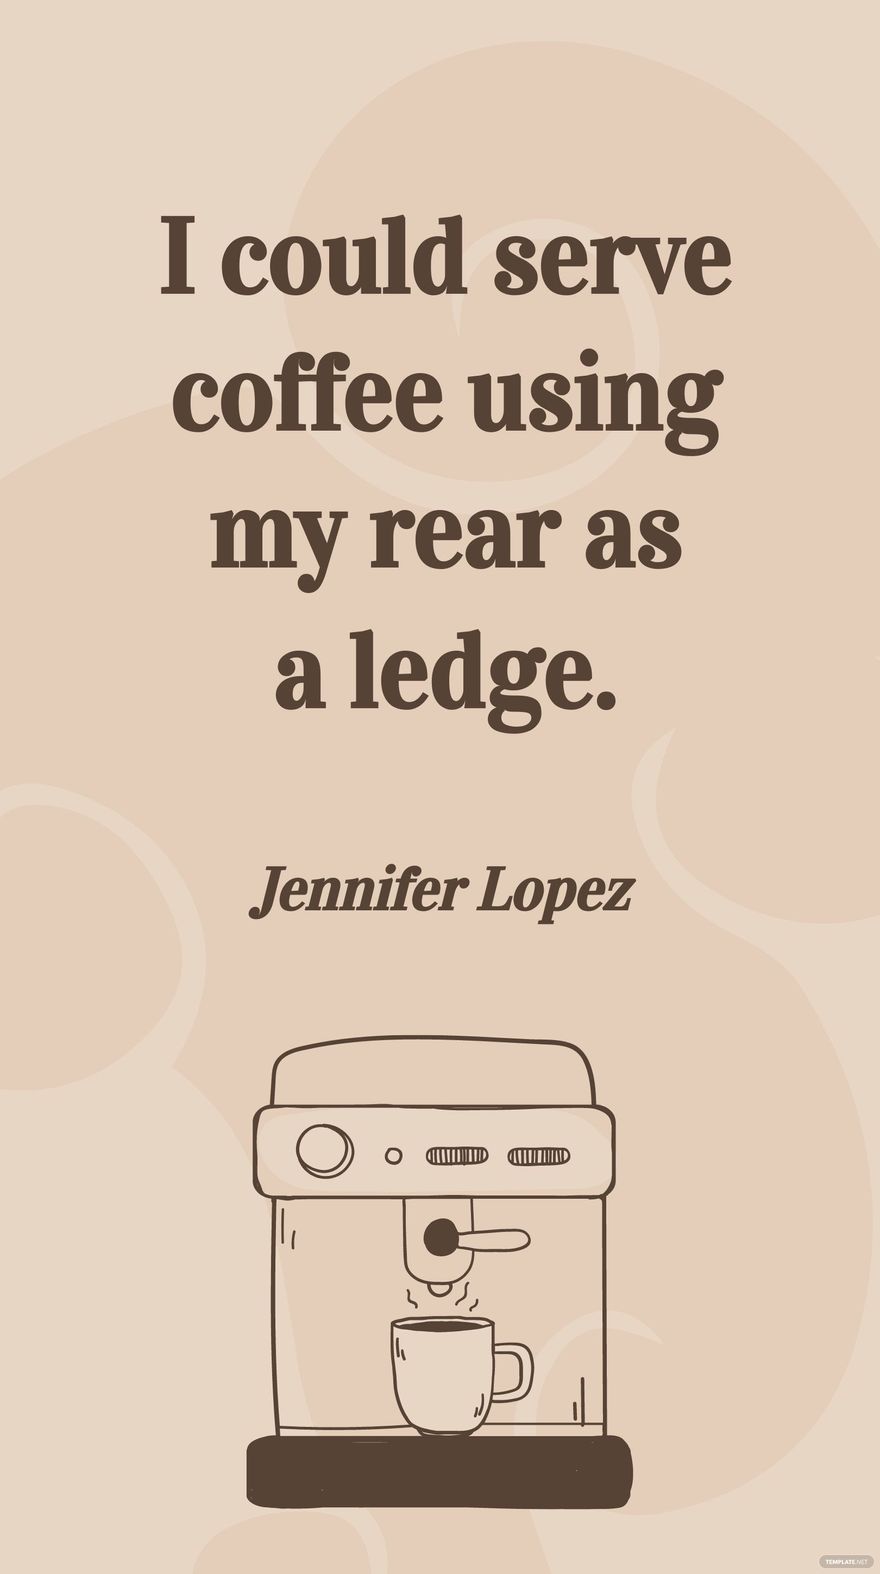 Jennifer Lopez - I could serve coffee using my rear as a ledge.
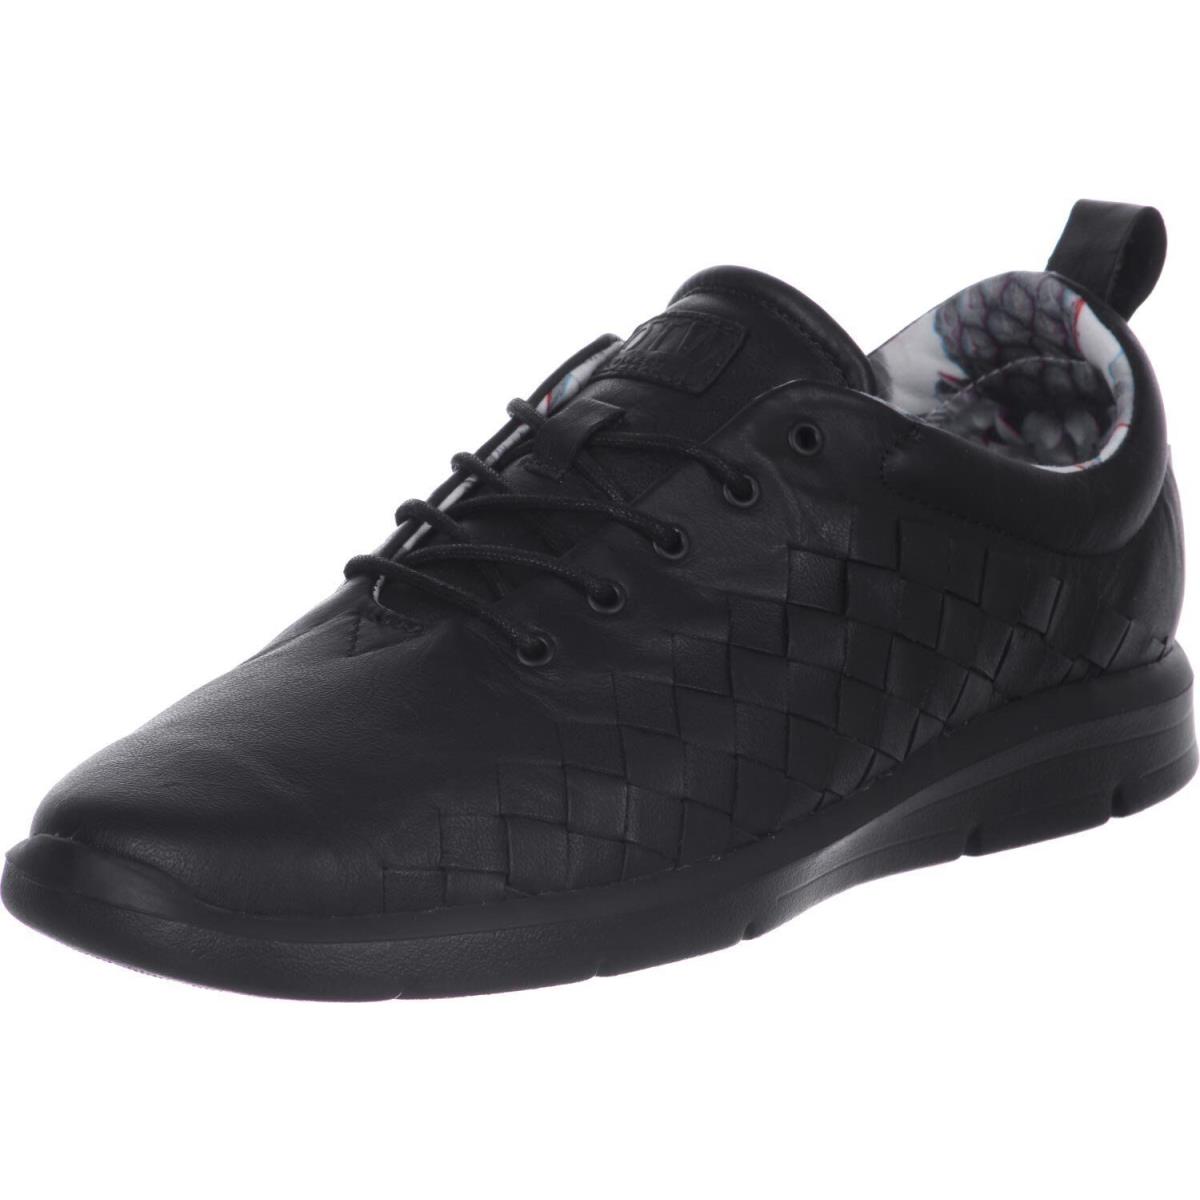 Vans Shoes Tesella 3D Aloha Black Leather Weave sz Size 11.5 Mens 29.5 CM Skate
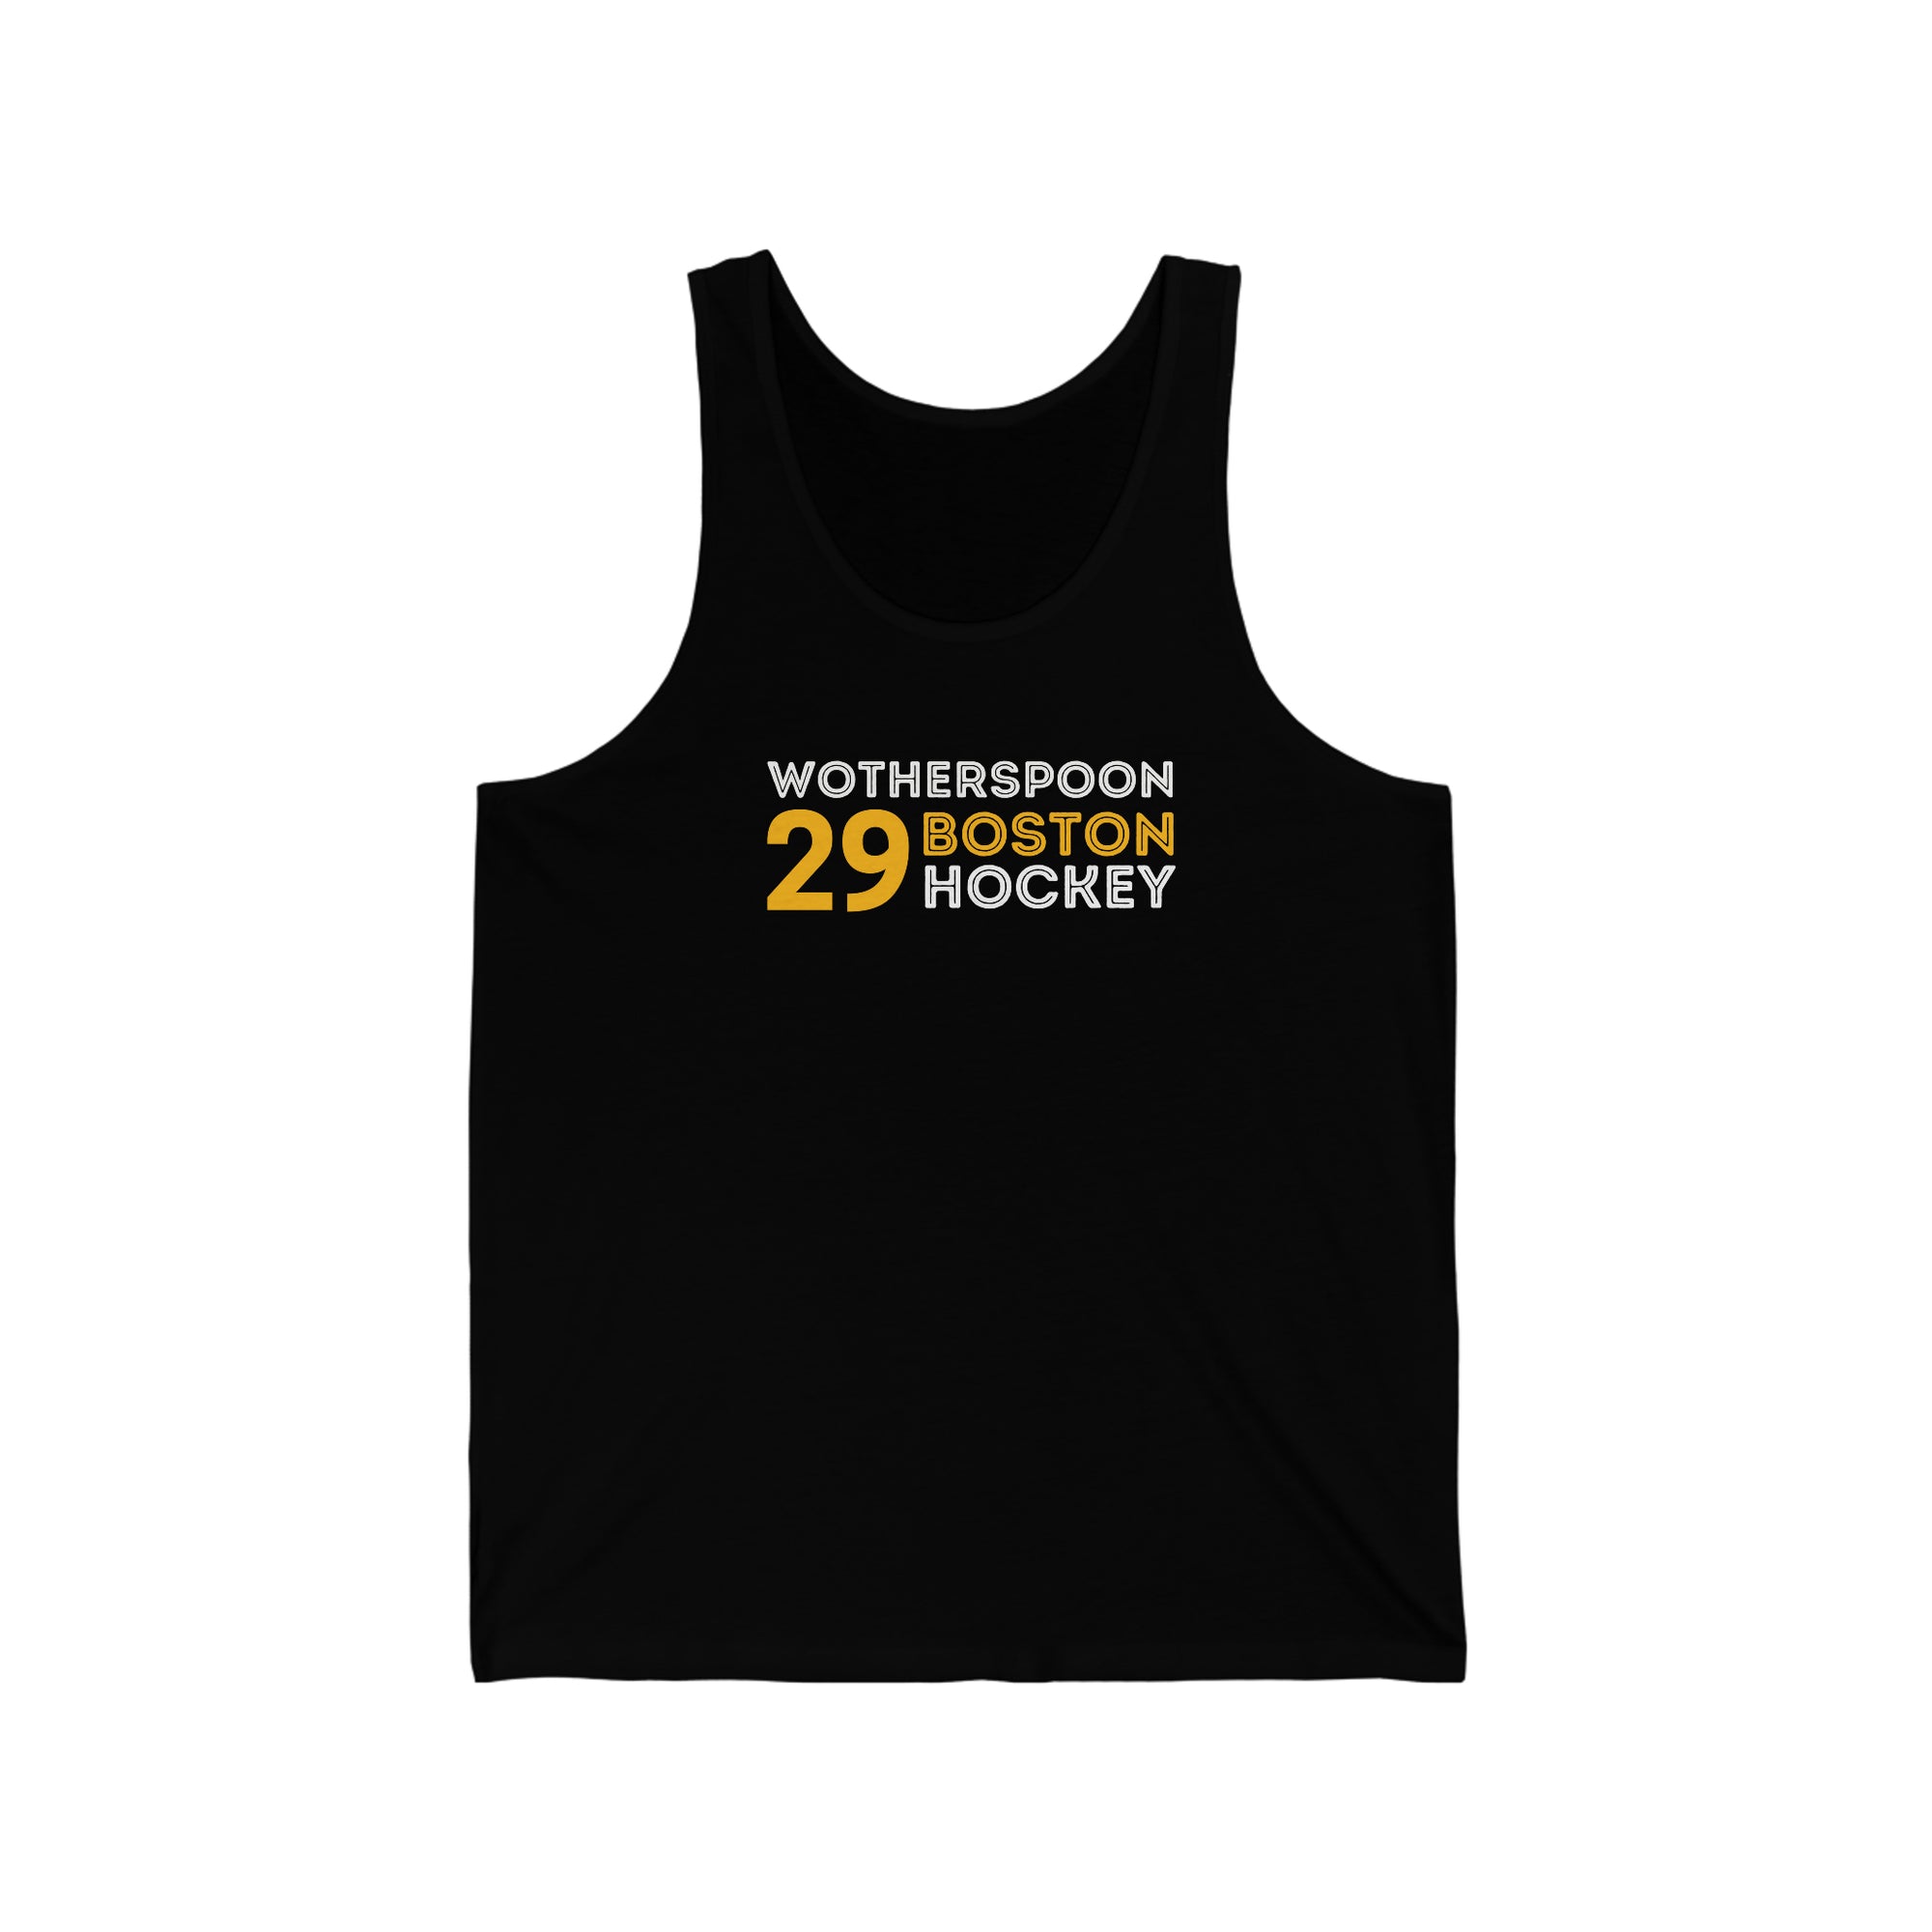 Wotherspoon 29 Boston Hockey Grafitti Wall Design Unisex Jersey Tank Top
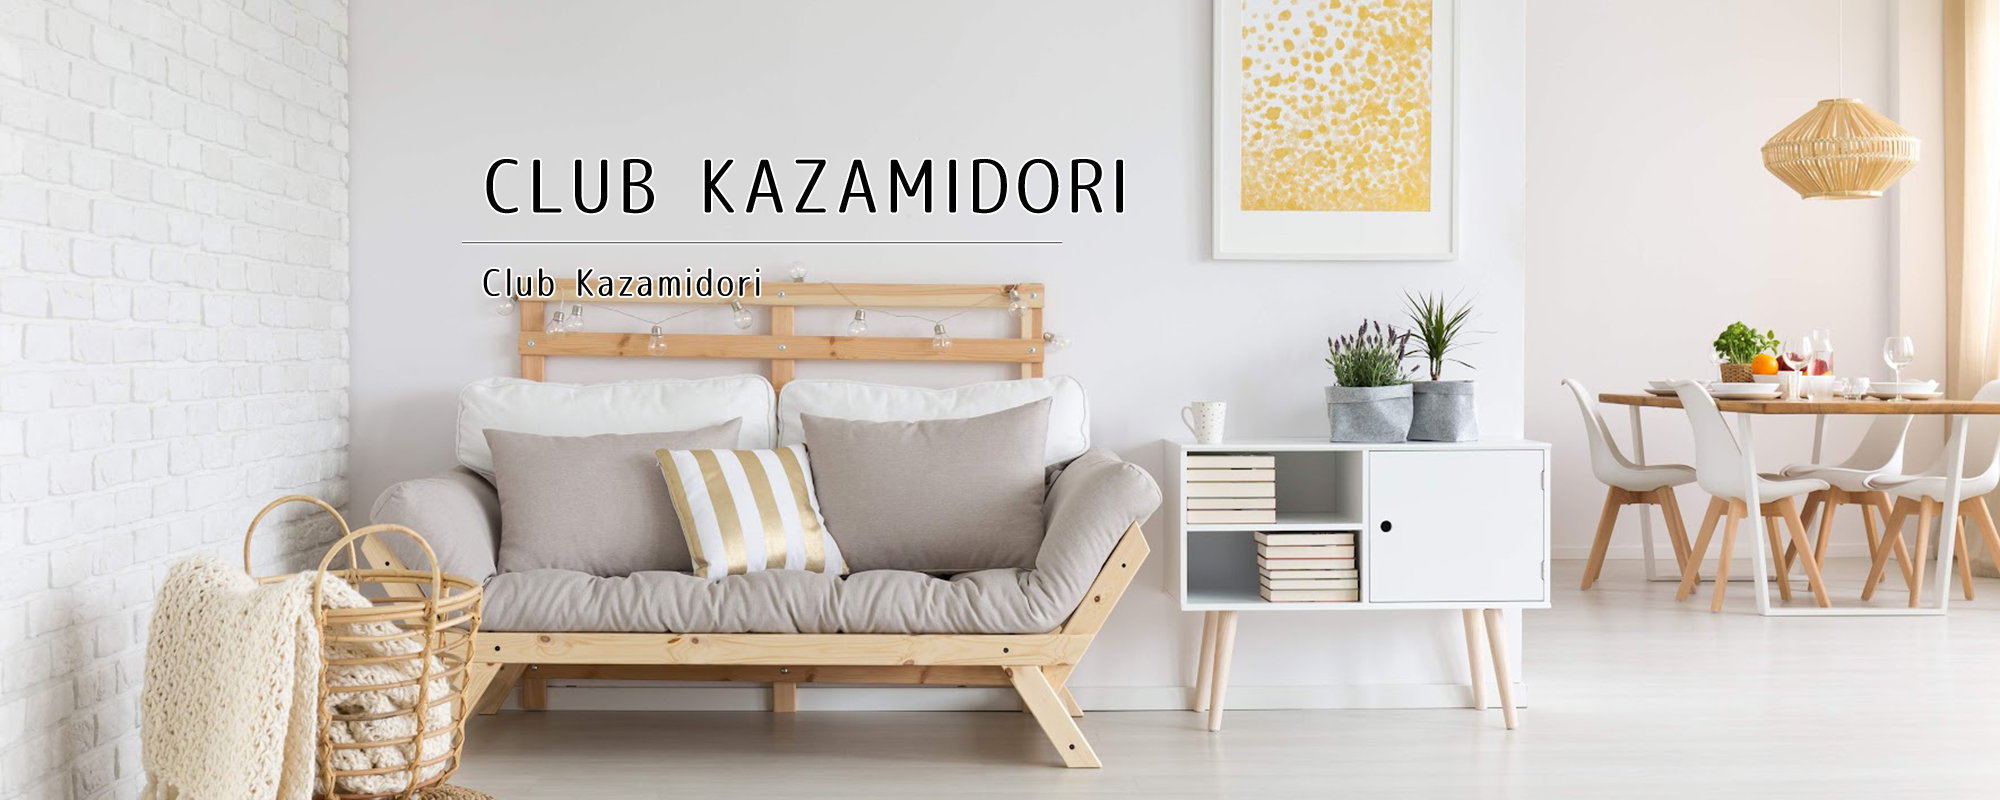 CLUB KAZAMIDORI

## PROBLEM DESCRIPTION:
From the data above, write out everything exactly except the pictures.

## SOLVED EXERCISE:
 Jennifer Lopez - I could serve coffee using my rear as a ledge.
 Vans Shoes Tesella 3D Aloha Black Leather Weave sz Size 11.5 Mens 29.5 CM Skate
 Wotherspoon 29 Boston Hockey Grafitti Wall Design Unisex Jersey Tank Top
 CLUB KAZAMIDORI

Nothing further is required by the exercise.